Phil Brantingham
- Born: 2 October 2001 (age 23) Durham, England
- Height: 183 cm (6 ft 0 in)
- Weight: 117 kg (18 st 6 lb)
- School: RGS Newcastle
- University: Newcastle University

Rugby union career
- Position(s): Loosehead Prop
- Current team: Saracens

Youth career
- Morpeth RFC

Senior career
- Years: Team / Apps / (Points)
- 2022–2024: Newcastle Falcons / 29 / (0)
- 2024–: Saracens / 12 / (0)
- Correct as of 15 February 2025

International career
- Years: Team / Apps / (Points)
- 2019: England U18 / 6 / (0)
- 2021: England U20 / 3 / (5)
- 2025–: England A / 1 / (0)
- Correct as of 23 February 2025

= Phil Brantingham =

English rugby union player

Phil Brantingham (born 2 October 2001) is an English professional rugby union player who plays as a prop forward for Premiership Rugby club Saracens.

==Early life==
Brantingham began playing contact rugby at Morpeth RFC, where his dad also played as a prop forward.
He attended Royal Grammar School, Newcastle upon Tyne and in 2018 played as they won the St Joseph's Rugby Festival trophy. The following year Brantingham played the festival again and was awarded the player of the tournament award. Until the age of 17, he played both rugby union and rugby league, playing league for Cramlington Rockets and Newcastle Thunder.

==Club career==
In January 2022 Brantingham made his debut for Newcastle in the Premiership match against Gloucester during the 2021-22 Premiership Rugby season.

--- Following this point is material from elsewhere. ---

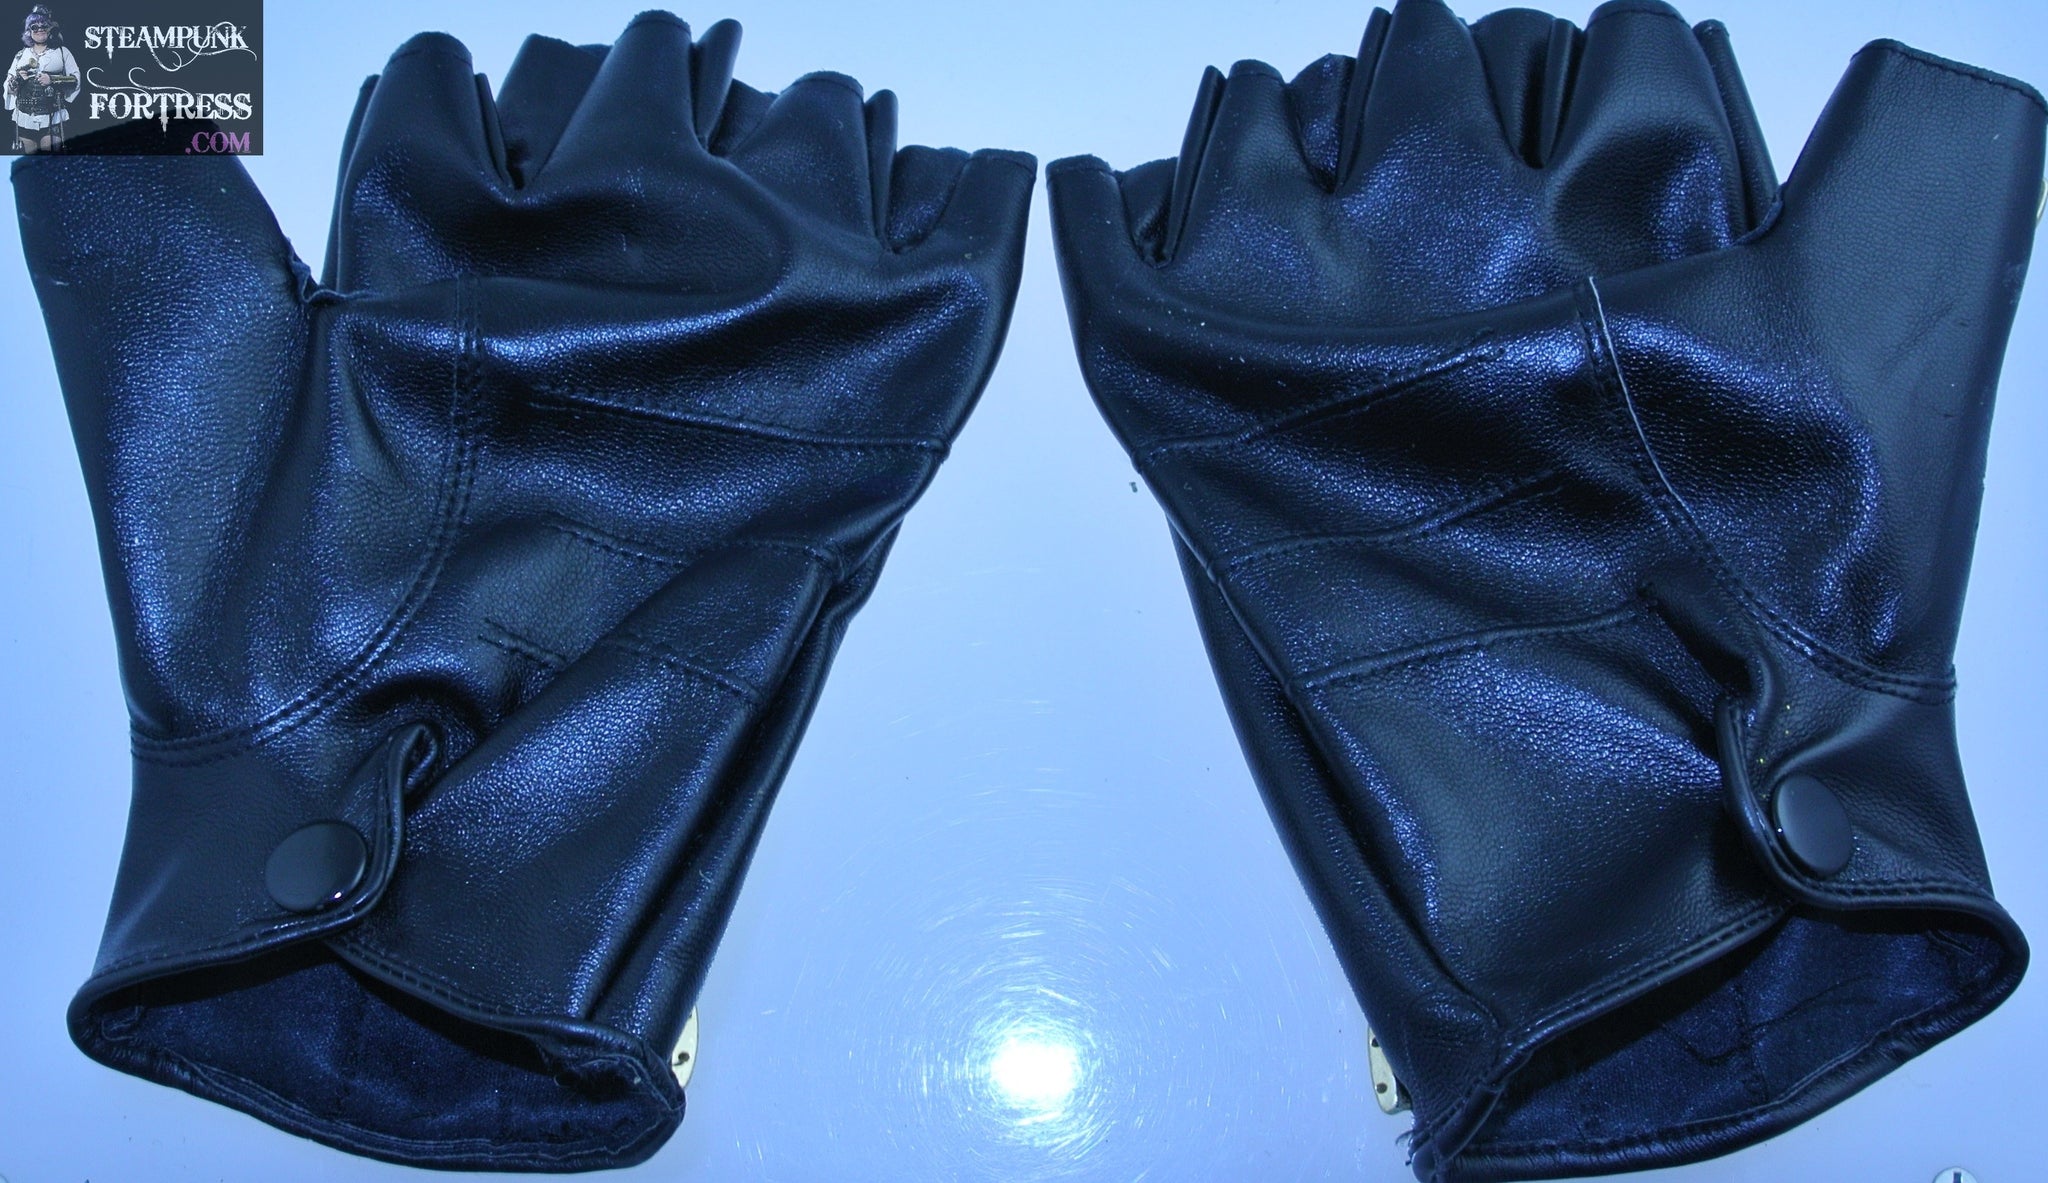 Skeleteen Fingerless Faux Leather Gloves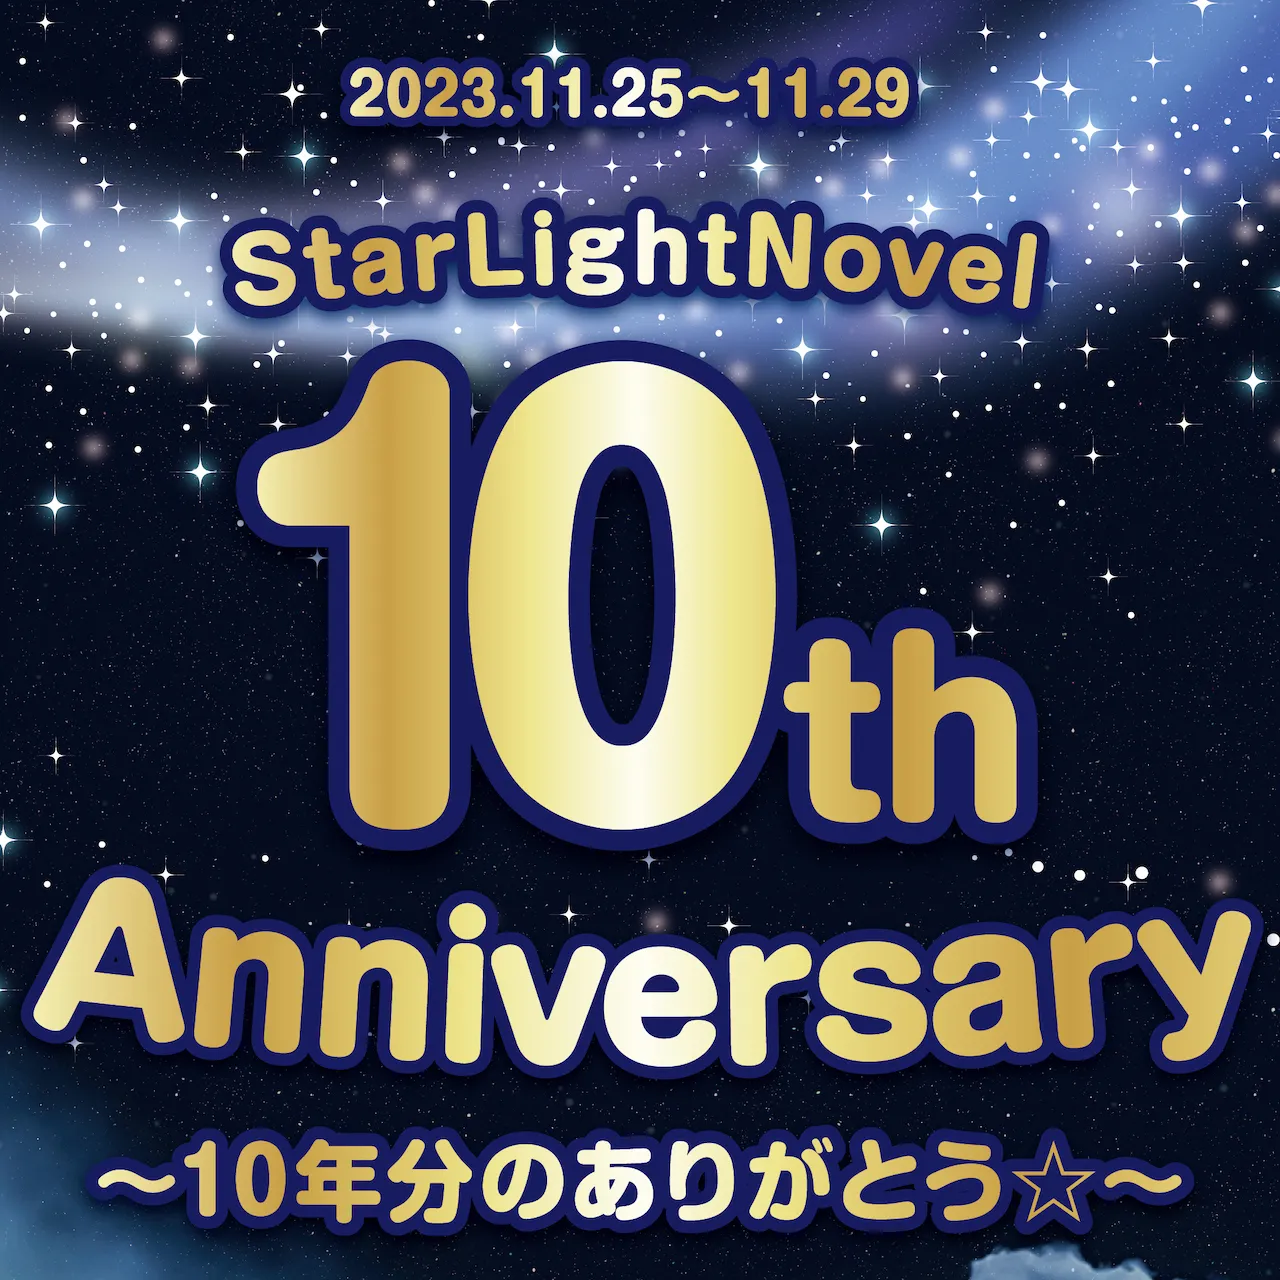 StarLightNovel 10th Anniversary　- 10年分のありがとう☆ - スターライトノベル

He was shortlisted for the Rugby Players' Association young player of the month for September 2023. He captained one of the sides in the club’s preseason True North Origin fixture at the start of the 2023-24 season.

In March 2024 it was announced that Brantingham had signed for Saracens.

==International career==
In 2019 Brantingham represented England under-18. He was a member of the England under-20 squad that completed a grand slam during the 2021 Six Nations Under 20s Championship and scored a try against Ireland at Cardiff Arms Park.

In February 2025 Brantingham started for England A in a victory over Ireland Wolfhounds.

==Personal life==
Brantingham studied for a degree in economics and management.